John Henry has been creating unique sculptures for over five decades
John Henry is a Chattanooga resident and world famous sculptor who has been showing his work for over fifty years. He has artwork located in museums, as well as public and private locations all over the planet. He is the Chair of the local Sculpture Fields at Montague Park. The sculpture park is set on a thirty-three-acre lot, and is host to 27 international pieces of artwork that scale as high as 66 feet; it is located at 1800 Polk Street in Chattanooga, and it is a catalyst for the local art community.
The Pulse had an opportunity to speak with Mr. Henry about his artwork and his involvement with the sculpture park.
The Pulse: You have been acknowledged all over the world as an astounding artist, and for your ability to create artwork of various sizes. Though all of your work is powerful, some of your larger work seems to get some special attention.
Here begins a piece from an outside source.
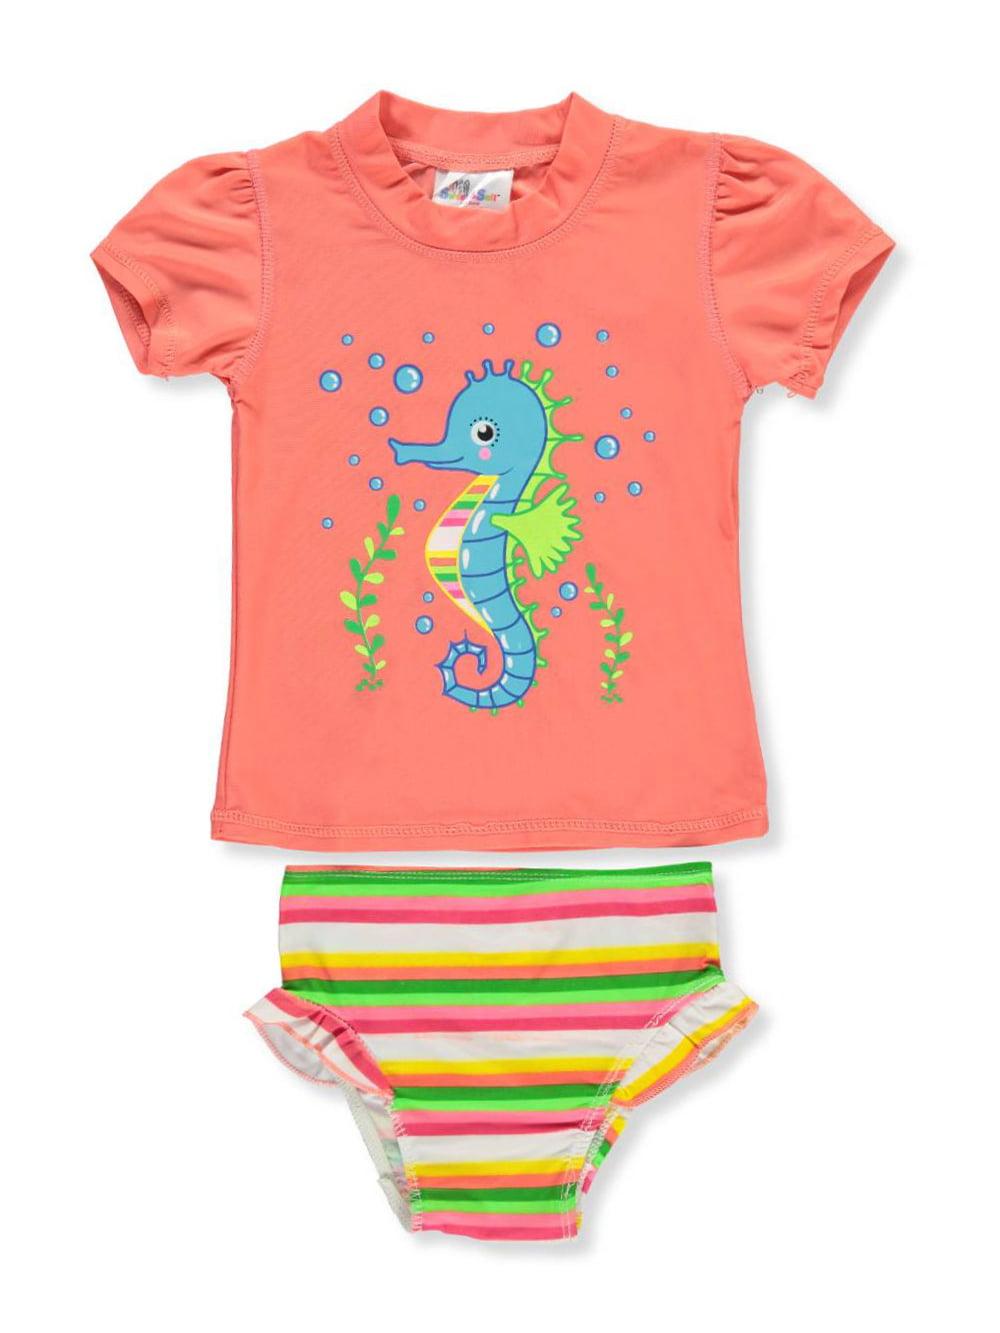 dd5c88466 Baby Girl Shirt Patterns - DREAMWORKS

Can you tell us the size of the largest sculpture that you have created, and its location?
John Henry: I have made some rather tall pieces of artwork over time, but currently my largest sculpture is called Tatlin’s Sentinel. It is 104 feet high, and it is located in Dallas, Texas.
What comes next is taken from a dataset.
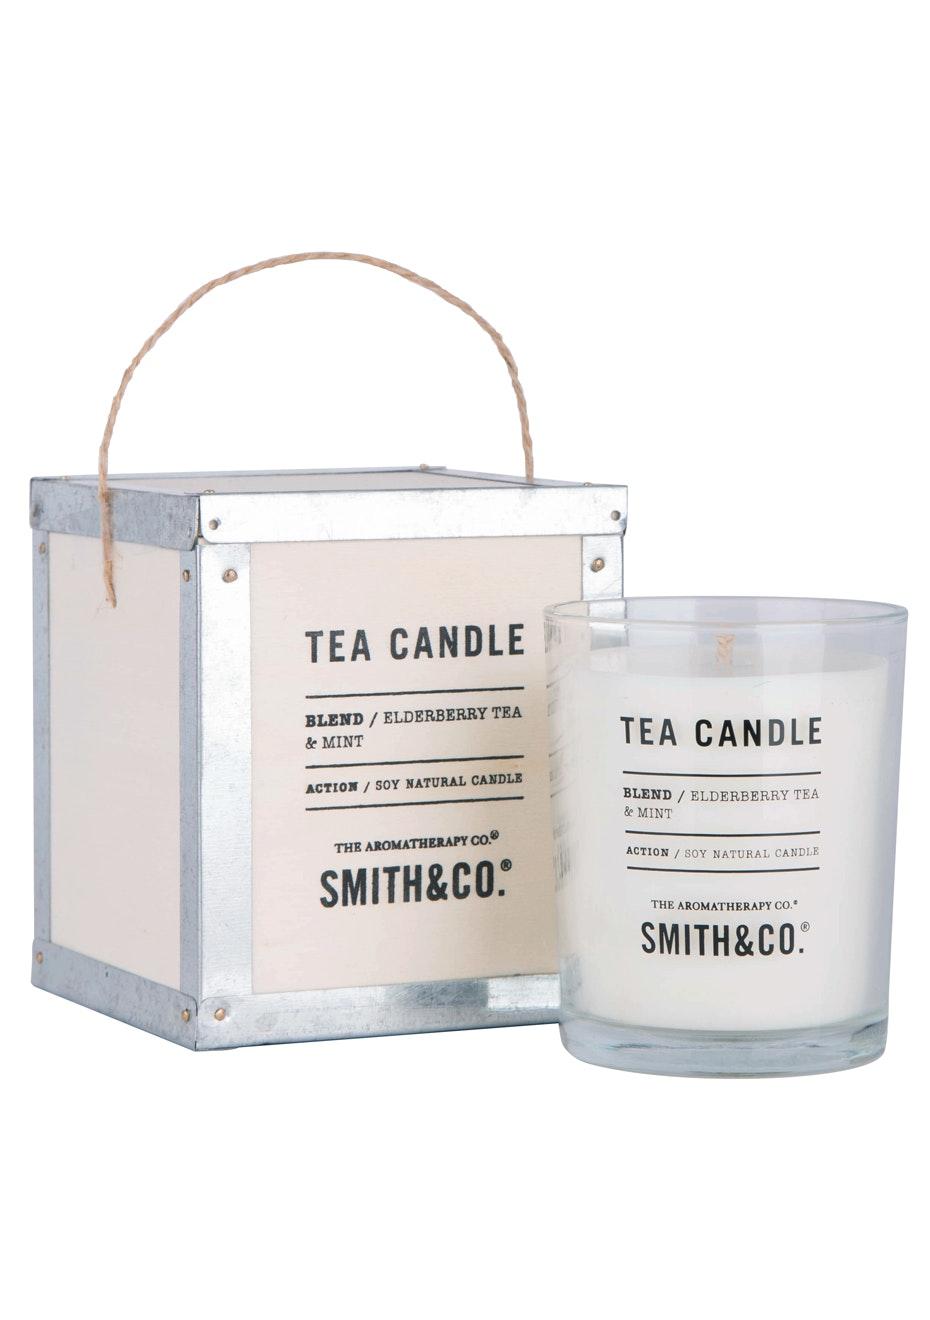 The Aromatherapy Co. Tea Chest Candle  - Elderberry Tea & Mint

TP: With elite sculptures located in public and private areas all over the world, do you have a sculpture that you created which you would consider to be your favorite piece of art?
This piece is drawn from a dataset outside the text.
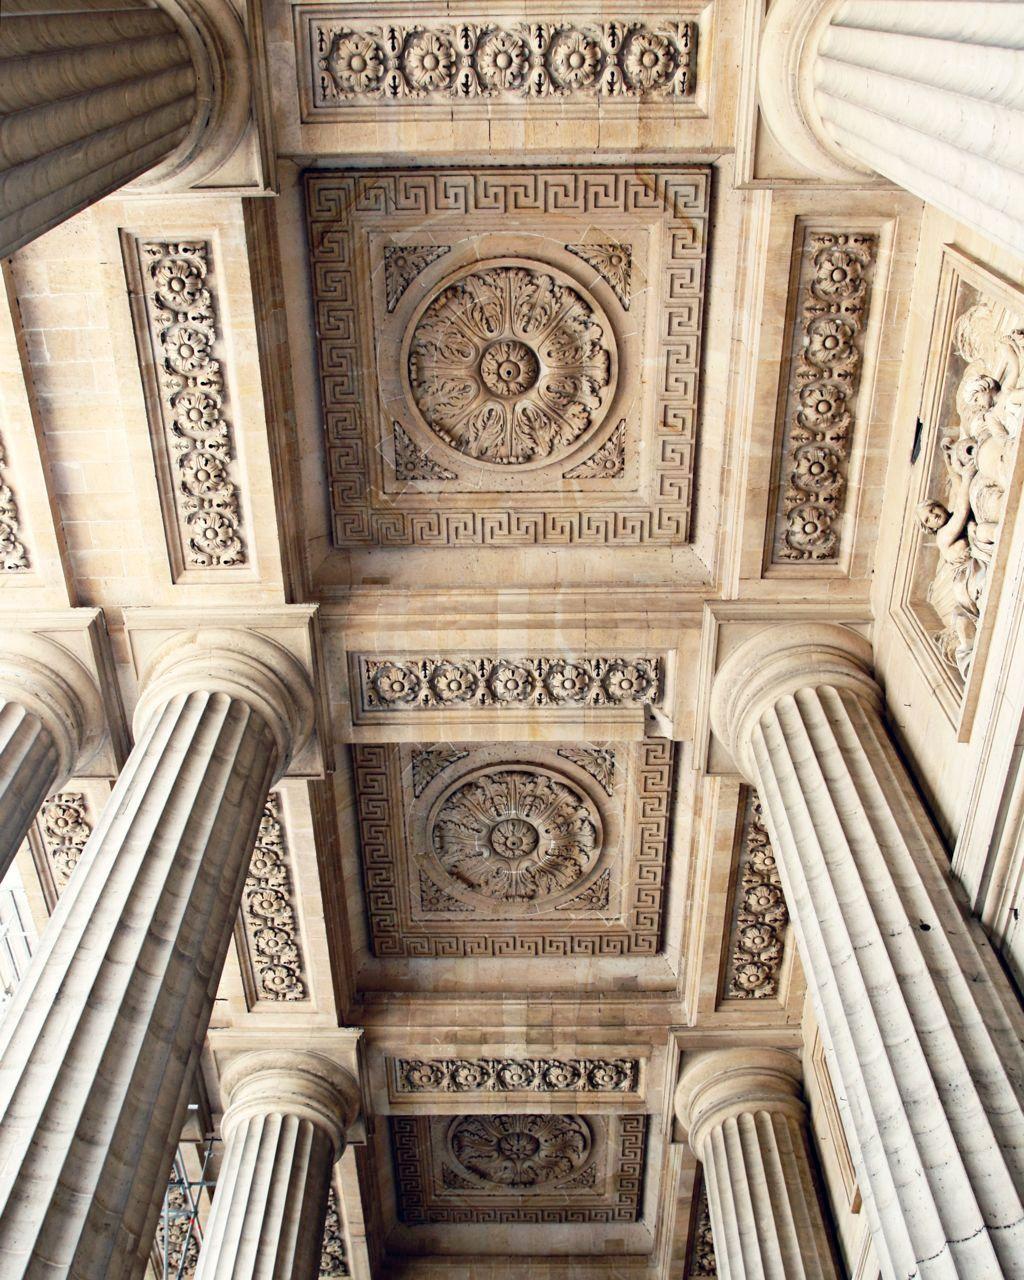 Paris Architecture Photography Print - Columns of Saint Sulpice Photo - Parisian Wall Art - France Travel Picture - Neutral French Decor

JH: I am reluctant to answer that question because in a way they are all my favorite pieces. It can be hard for people to grasp the fact that my sculptures are all a continuation of each other. As different and unique as they are individually, they all unite as one, much like a symphony.
There is no one note or sound that the composer would consider to be their favorite part, it would all flow together from the intro to the sonata to create their favorite part, which would be the symphony. Reminiscent to a symphony, all of my pieces combine to omit one powerful piece of artwork. So where I do have a favorite? The answer would be parts of all of them.
TP: Being the founder of the Sculpture Fields at Montague Park, and the Chair/Curator, can you tell me a little bit about the experience?
JH: It has been a project that has been in the works for a decade, since Ron Littlefield was still the Mayor of Chattanooga. We established the board roughly four years ago, and broke ground over two years ago; so it has been a very exciting and timely process. For the sculpture fields to finally be open to the public is very satisfying.
TP: The international sculpture fields really bring a powerful dynamic to the scenic city. One that possesses educational potential, as well as giving a boost to the local Chattanooga arts scene. Were those two elements part of the plan when you began the development of the sculpture fields?
JH: Absolutely. The educational inspiration of the sculpture fields is a major aspect for us, we pride ourselves on being able to give people a firsthand look at international artwork. The local art scene really has a lot to offer, there is some amazing artwork located all over the city.
The international aspect of the sculpture fields creates a gravitational pull, and will bring outside people from the fine arts community to Chattanooga. Once they are here, they will be able to explore some of the local artwork. So yes, both of those things were considered to be major aspects of the project.
TP: How long have you been a resident of Chattanooga, and what do you like most about living here?
JH: I have lived in Chattanooga for sixteen years. What initially brought me here is that it is a town that was built on metal production. Where nearly all of my sculptures are made of metal, it enabled me to have access to any material that I would ever need to produce my artwork, and that instantly made it my favorite part about living here. After being here for a while, I realized that there is so much that I like about living in Chattanooga.
The fine arts scene is thriving. The orchestra is world class. There are so many great places to eat, Chattanooga has a good energy about it, the scenery is beautiful, the people are fantastic, it is a wonderful place to live.
TP: What advice do you have for the aspiring artists out there that are having trouble finding inspiration?
JH: I have heard people say time and time again that they want to be famous sculptors like me, and that goes against everything that being an artist is about. Creating art is about doing what you love to do through self-expression.
If you love to do it, then do it every day with no intentions beyond creating art. Focus on your work, love your work, but produce your art. There is no substitute for work.